++++ INPUT DATA ++++
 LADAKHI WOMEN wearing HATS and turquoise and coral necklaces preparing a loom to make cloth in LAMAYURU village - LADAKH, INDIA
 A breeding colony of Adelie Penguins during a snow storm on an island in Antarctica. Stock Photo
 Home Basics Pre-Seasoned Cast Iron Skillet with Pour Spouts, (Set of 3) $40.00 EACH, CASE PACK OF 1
++++
— PROBLEM TO SOLVE —
The material should be transcribed exactly, every line included.

— TASK RESPONSE —
 LADAKHI WOMEN wearing HATS and turquoise and coral necklaces preparing a loom to make cloth in LAMAYURU village - LADAKH, INDIA
 A breeding colony of Adelie Penguins during a snow storm on an island in Antarctica. Stock Photo
 Home Basics Pre-Seasoned Cast Iron Skillet with Pour Spouts, (Set of 3) $40.00 EACH, CASE PACK OF 1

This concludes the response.